* Prompt
When you reach the line that contains "St. Zélie Martin", begin copying exactly, and continue through the last line of the data; no pictures belong in the copy.

* Source data
+ + + + + + +

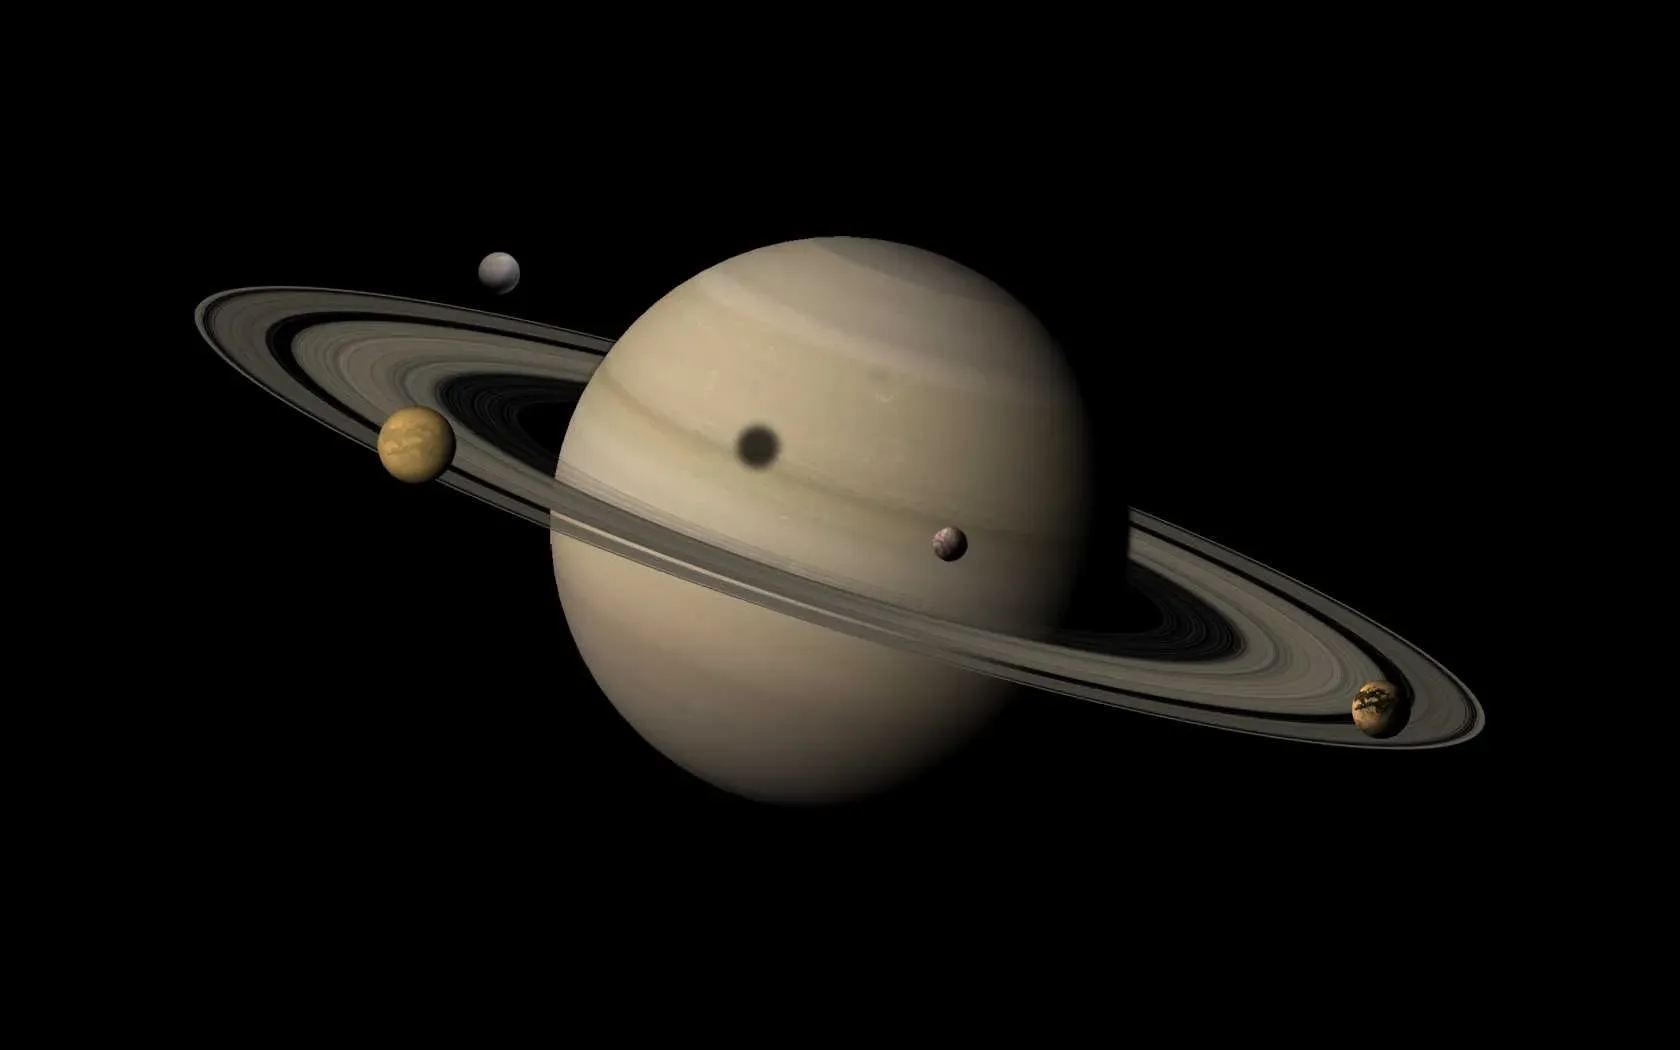 
											
											Saturnning 28 ta yangi tabiiy yo‘ldoshi topildi
											
											
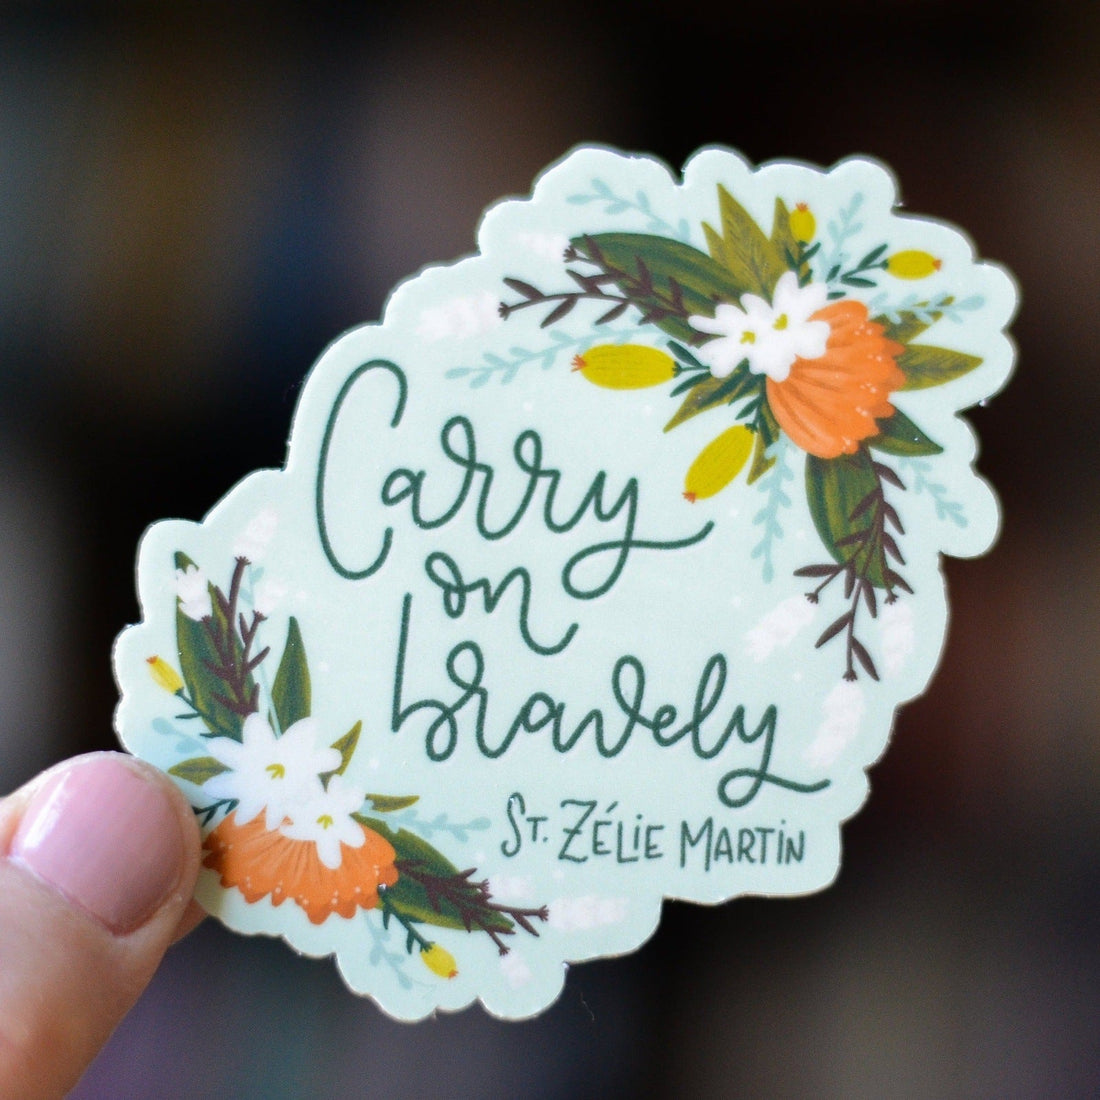 St. Zélie Martin Sticker - Little Way Design Co.
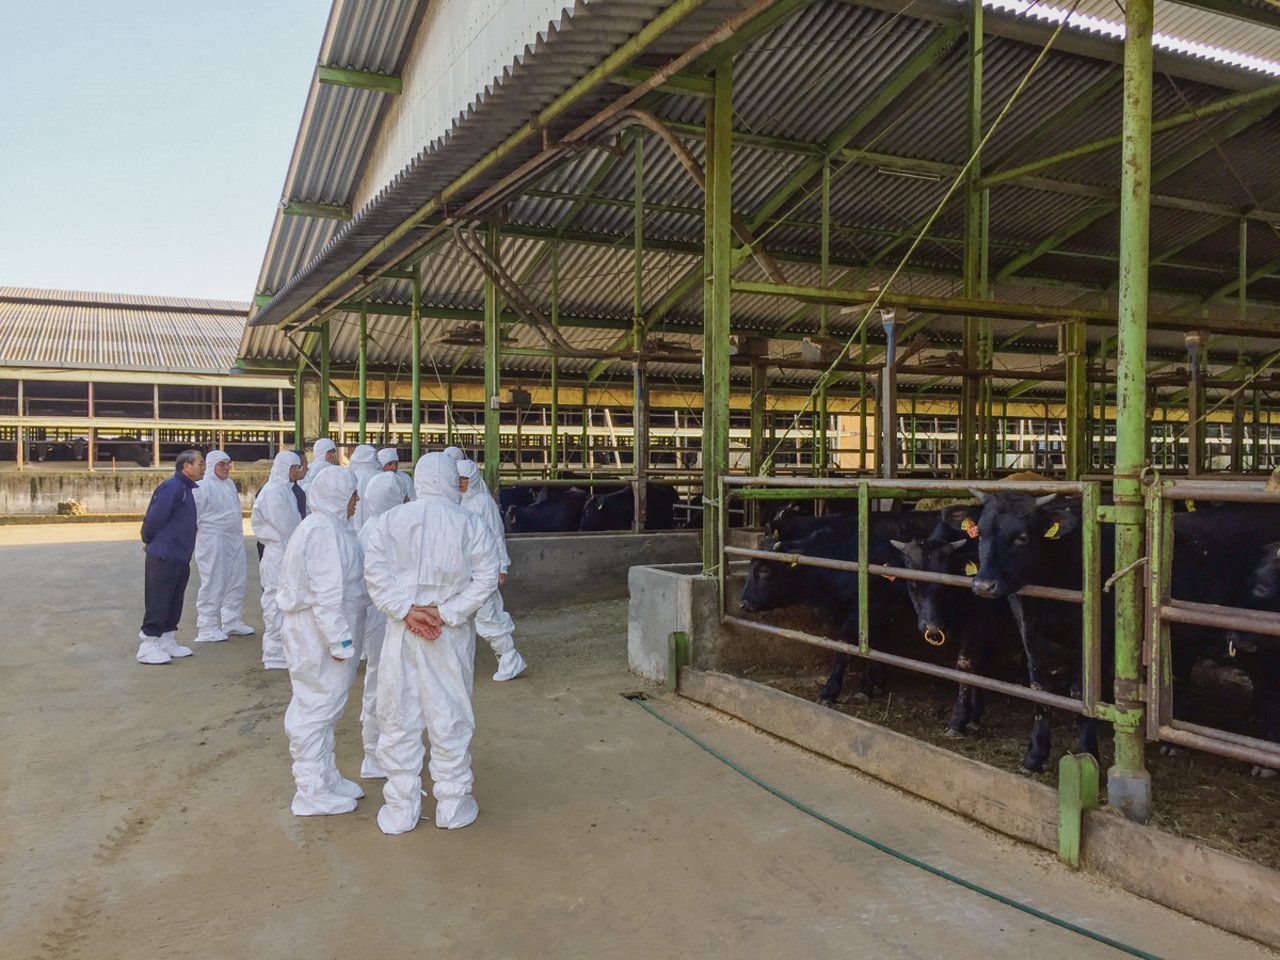 Besichtigung der Hitachiwagyu-Farm mit 1700 Rindern. Die Tiere werden nach 30 Monaten für rund 15 500 Franken verkauft.
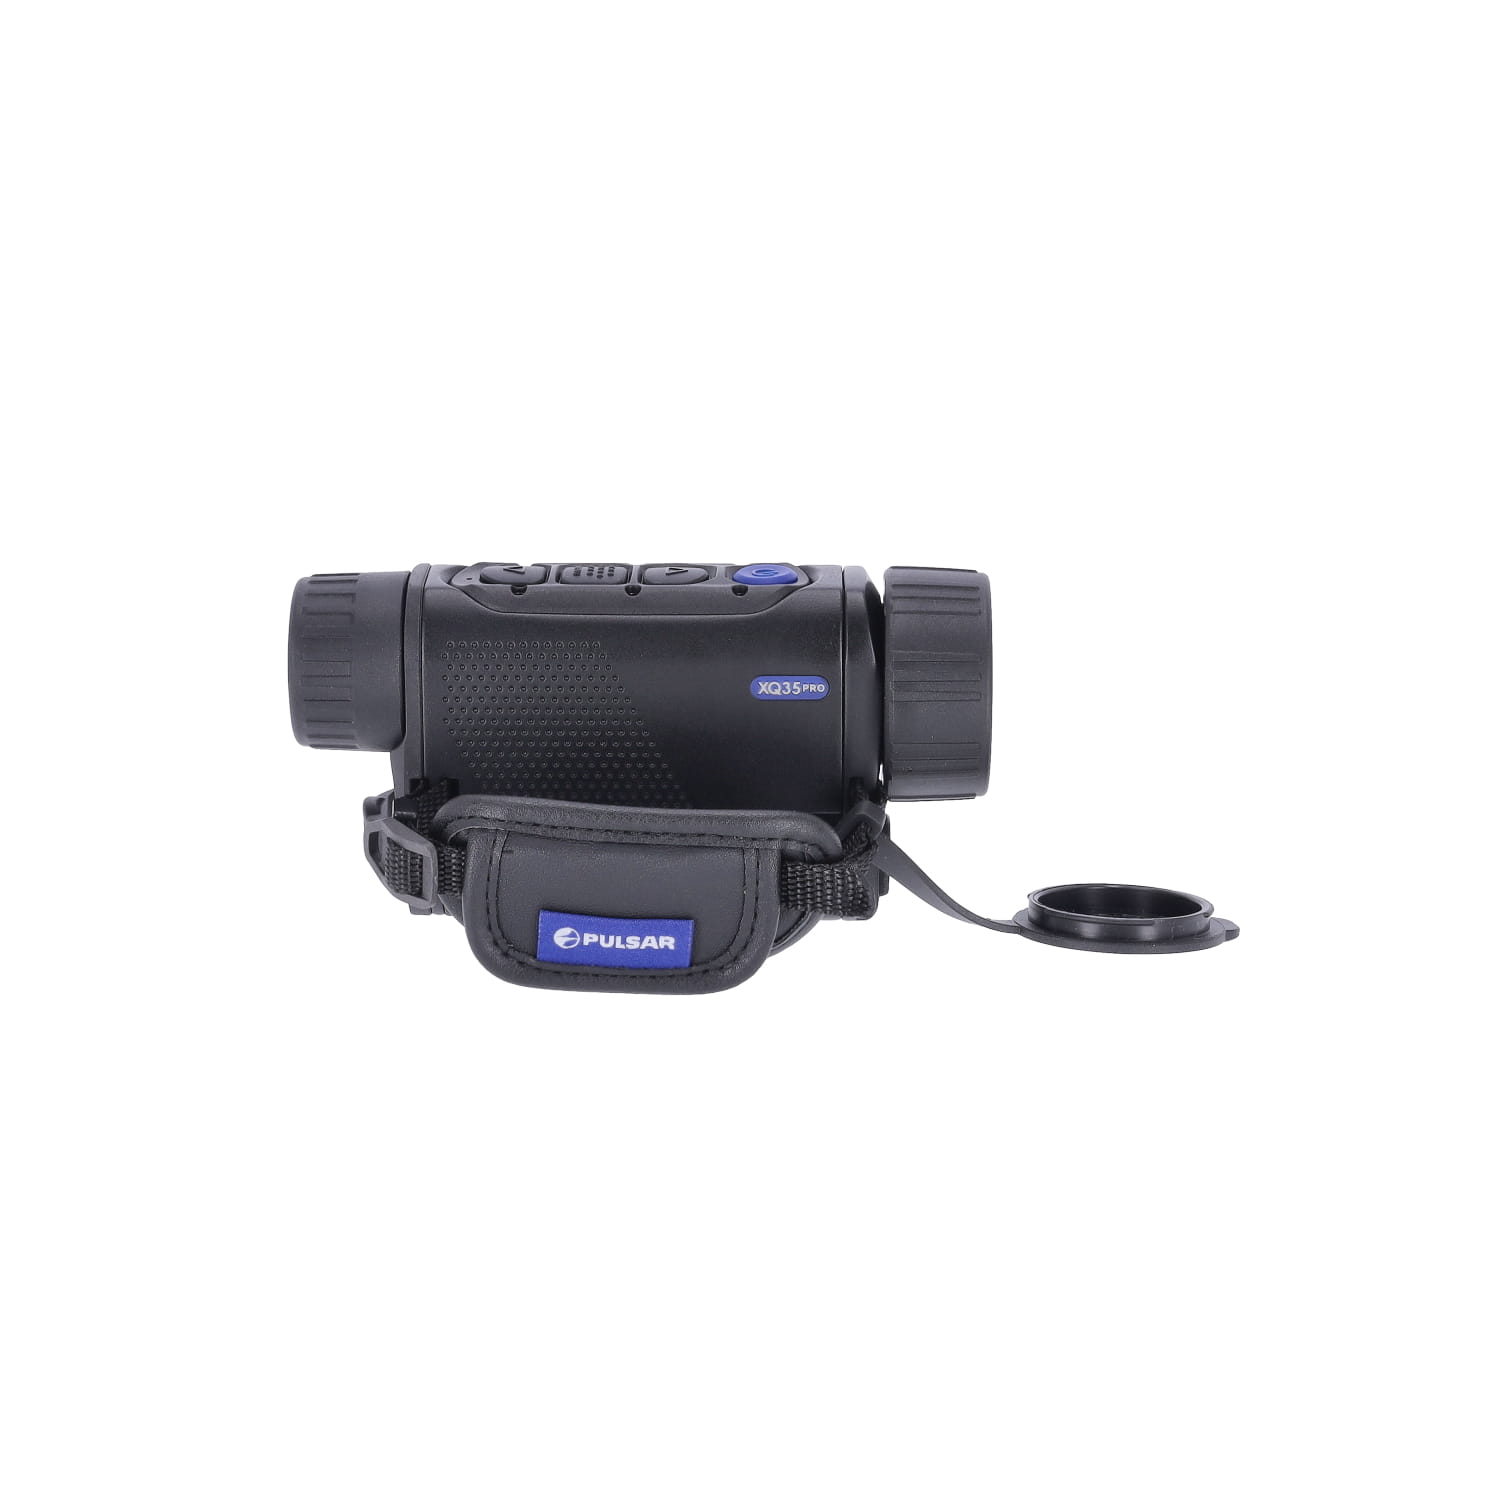 Caméra thermique InfiRay P2 Pro avec une grande précision de la

+ + + + + + +

* Written response
 St. Zélie Martin Sticker - Little Way Design Co.
 Besichtigung der Hitachiwagyu-Farm mit 1700 Rindern. Die Tiere werden nach 30 Monaten für rund 15 500 Franken verkauft.
 Caméra thermique InfiRay P2 Pro avec une grande précision de la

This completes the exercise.